Germany has a problem with automatic injunction claims. Today in Berlin, the federal government is talking to experts about changing the law. However, it is doubtful any of the suggested adjustments will be implemented. Experts believe the real problem lies in Munich, at the Federal Patent Court.
At the moment, the German patent system’s good reputation is suffering severely. Standard essential patent holders have recently been given the right to claim injunctive relief in the Netherlands; UK patent lawyers boast that their courts determined a global licence in the Unwired Planet vs. Huawei case.
The Higher Regional Court of Düsseldorf, on the other hand, made the conditions for transferring SEPs more difficult. German patent courts apply stricter standards in FRAND cases. This makes it difficult for patent holders to continue to sue in Germany.

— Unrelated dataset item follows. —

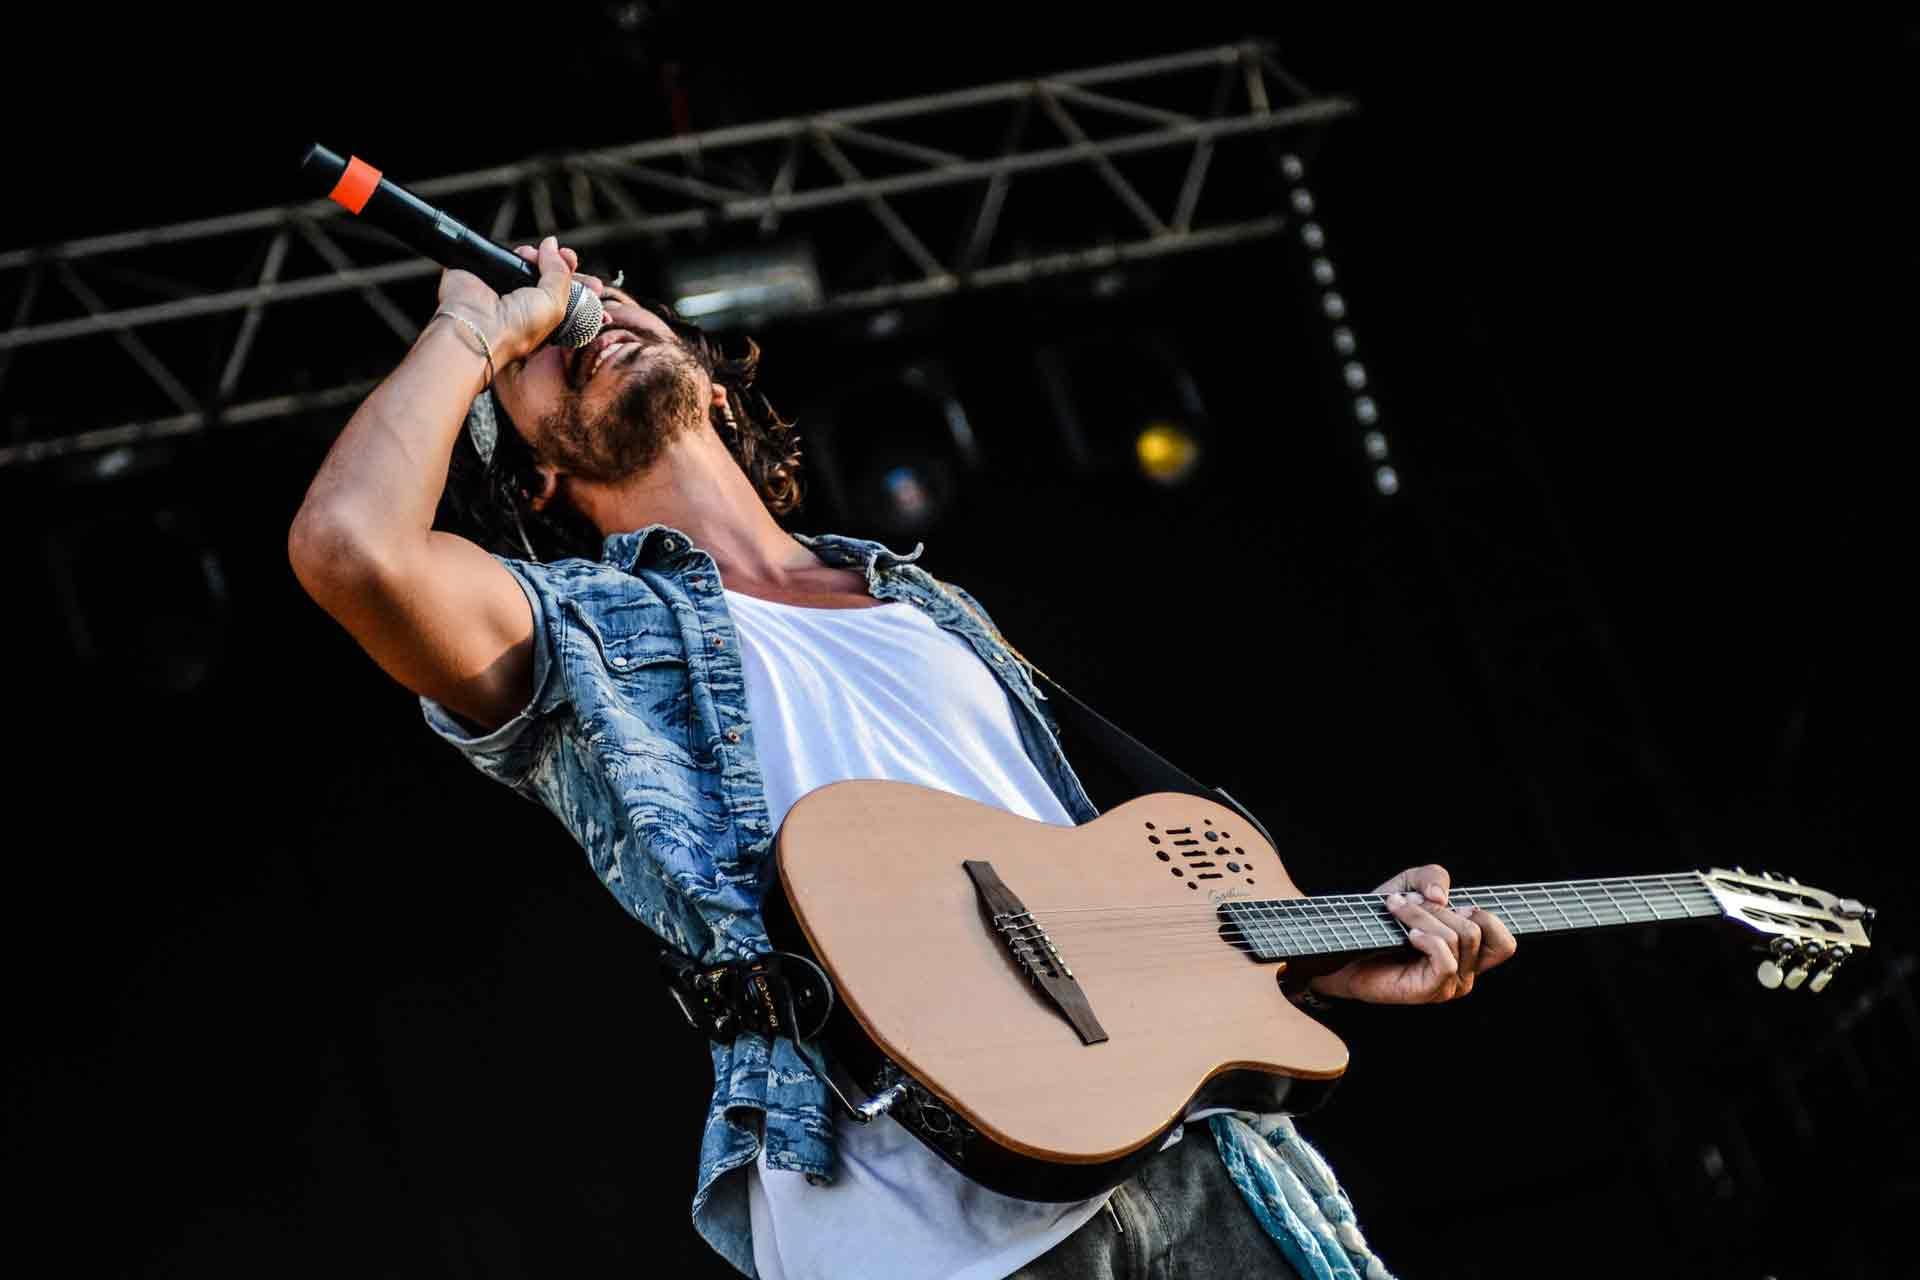 man-using-brown-and-black-electric-guitar-while-singing-167446

German courts have an extraordinary reputation for experienced judges and fast, cheap proceedings. Vast amounts of compensation are unlikely. But, in patent infringement cases, there is the sharp sword of the automatic injunction.
For some time, parts of German industry have resisted the automatic injunction. Deutsche Telekom and the automobile industry are calling for its abolition, or watering down at the very least.
Their arguments have not fallen on deaf ears. Today, employees from the German Federal Ministry of Justice and Consumer Protection meet with representatives of industry and professional associations for an expert discussion on injunctive relief for standard essential patents and complex products.
As seen by JUVE Patent, the ministry’s invitation letter states that the discussion serves “to prepare a legislative project in the field of intellectual property rights.”
But does the federal government really want to slaughter the sacred cow of German patent law? The telecommunications and automotive industries have a strong argument in favour. A patent troll, for example, can cause great economic damage with an injunction. Theoretically, patent infringement means an injunction could paralyse a telecommunications network – or an entire production line at BMW, Daimler or VW.
These consquences are not easily set aside. So far, however, this worst-case scenario has yet to materialise.
Others fear that abolition would upset the balance between small damages claims and automatic injunctions. Some corporations and medium-sized enterprises also complain that a change would lead to less adequate protection against foreign competition.
This argument makes sense, especially given that many patent experts believe the potential for injunctions to bring business to a standstill does not justify changing the proven system.
Taking part in today’s discussion is the Federation of German Industry (BDI), Germany’s digital association Bitkom, the Association of the Automotive Industry and the German Association for the Protection of Intellectual Property (GRUR).
This is alongside individuals and non-practicing entity Sisvel. Above all, the consultation should bring one thing to light. The federal government has a foot in both camps. Its hands are tied.
However, the Ministry of Justice may have a way out of the situation. A further topic of discussion is “other issues closely related to injunctive relief.”
This probably refers to the so-called injunction gap, considered by most experts as the fundamental ill of the German system. Many months pass between the first instance infringement decision, which may lead to an automatic injunction, and the decision of the Federal Patent Court on the validity of the patent in question. The Munich Regional Court often decides on infringement actions after just a year.
The Technical Appeal Senates at the Federal Patent Court, on the other hand, needed 26 months for its nullity decisions in 2017.
The first instance nullity judgment is, in some cases, issued after the appeal judgment in the infringement proceedings. The German bifurcation system is imbalanced. Infringement courts are increasingly quick but the Federal Patent Court increasingly slow.
Many experts think a change in the law is superfluous, whereas a financial and personnel strengthening of the Federal Patent Court is unavoidable. The German government has probably been putting this off for so long because it was relying on the Unified Patent Court coming into effect. However, the UPC’s future remains uncertain.
The German government would be well-advised to provide the Federal Patent Court with a considerable boost in staff numbers. It could also approve further senates. This is the only way to ensure quick nullity judgments again.
However, the government should also introduce a mandatory qualified interim notification. This would allow first instance infringement judges to be informed about any doubts around a patent’s survival in good time.
The government must finally take the problem seriously, because today’s meeting also concerns the attractiveness of the German patent system abroad. Currently, its reputation is not quite up to scratch.